1 # nitcc, a parser and lexer generator for Nit
3 nitcc is a simple LR generator for Nit programs.
4 It features a small subset of the functionalities of [SableCC] 3 and 4.
6 [SableCC]: http://sablecc.org
10 Have a valid compiler in `bin/`
11 Just run `make` in the `contrib/nitcc/` directory
19 nitcc generates a bunches of control files, a lexer, a parser, and a tester.
21 To compile and run the tester:
23 nitc file_test_parser.nit
24 ./file_test_parser an_input_file_to_parse
26 ## Examples and regression tests
28 The sub-directory `examples/` contains simple grammars and interpretors.
30 The sub-directory `tests/` contains regression tests.

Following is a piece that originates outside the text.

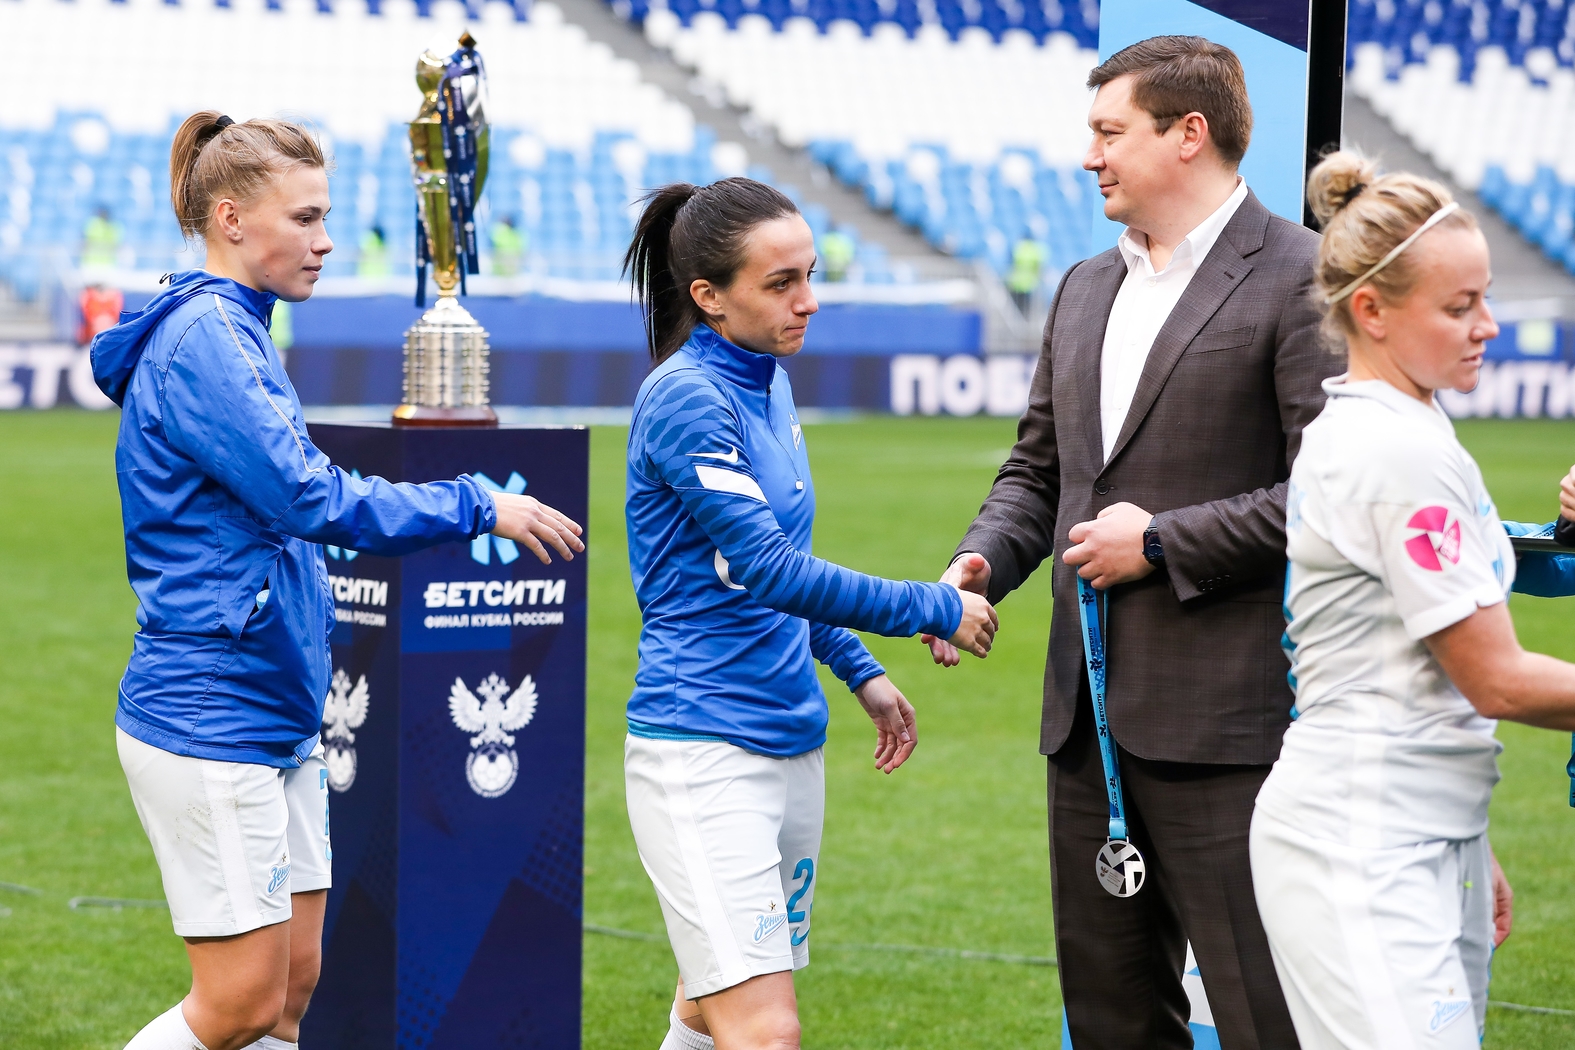 O Zenit é vice-campeão da Copa da Rússia feminina

32 ## Features (aka TODO list)
34 - [x] command line tool (`nitcc`)
35 - [x] Grammar syntax of SableCC4 (with pieces of SableCC3)
36 - [x] Generates a Lexer
37 - [x] Generates a SLR parser
38 - [ ] Generates a LALR parser
39 - [x] Generates classes for the AST and utils
41 For the tool (and the code)
44 - [x] bootstrap itself (see `nitcc.sablecc`)
46 For the lexer (and regexp, NFA, and DFA)
49 - [x] interval of characters and subtraction of characters
50 - [x] implicit priorities (by inclusion of languages)
52 - [x] Shortest and Longest (but dummy semantic without lookahead)
53 - [x] efficient implementation of intervals
54 - [x] DFA minimization
56 For the parser (and grammar and LR)
58 - [x] Modifiers (`?`, `*`, `+`)
61 - [x] Empty (but not mandatory)
65 - [x] Dangling (automatic, so mitigate the SLR limitations)
66 - [x] simple transformation (unchecked)
67 - [x] simple inlining (non automatic, except for `?` and `*`)
69 For the AST (generated classes, utils and their API)
71 - [x] Common runtime-library `nitcc_runtime.nit`
72 - [x] Terminal nodes; see `NToken`.
73 - [x] Heterogeneous non-terminal nodes with named fields; see `NProd`.
74 - [x] Homogeneous non-terminal nodes for lists (`+` and `*`); see `Nodes`.
75 - [x] Visitor design pattern; see `Visitor`.
76 - [x] Syntactic and lexical errors; see `NError`.
77 - [x] positions of tokens in the input stream; see `Position`
78 - [ ] positions of non-terminal nodes.
79 - [ ] API for the *input source*
80 - [ ] sane API to invoke/initialize the parser (and the lexer)
82 ## BUGS and limitations
84 * Limited error checking; bad grammars can produce uncompilable, or worse buggy, nit code.
85 * The SLR automaton is not very expressive; do not except to parse big and complex language like Nit or Java.
86 * The generated Nit code is inefficient and large; even if you get an acceptable grammar, do not except to parse efficiently big and complex language like Nit or Java.
87 * No real unicode support.
88 * Advanced features of SableCC4 are not planed.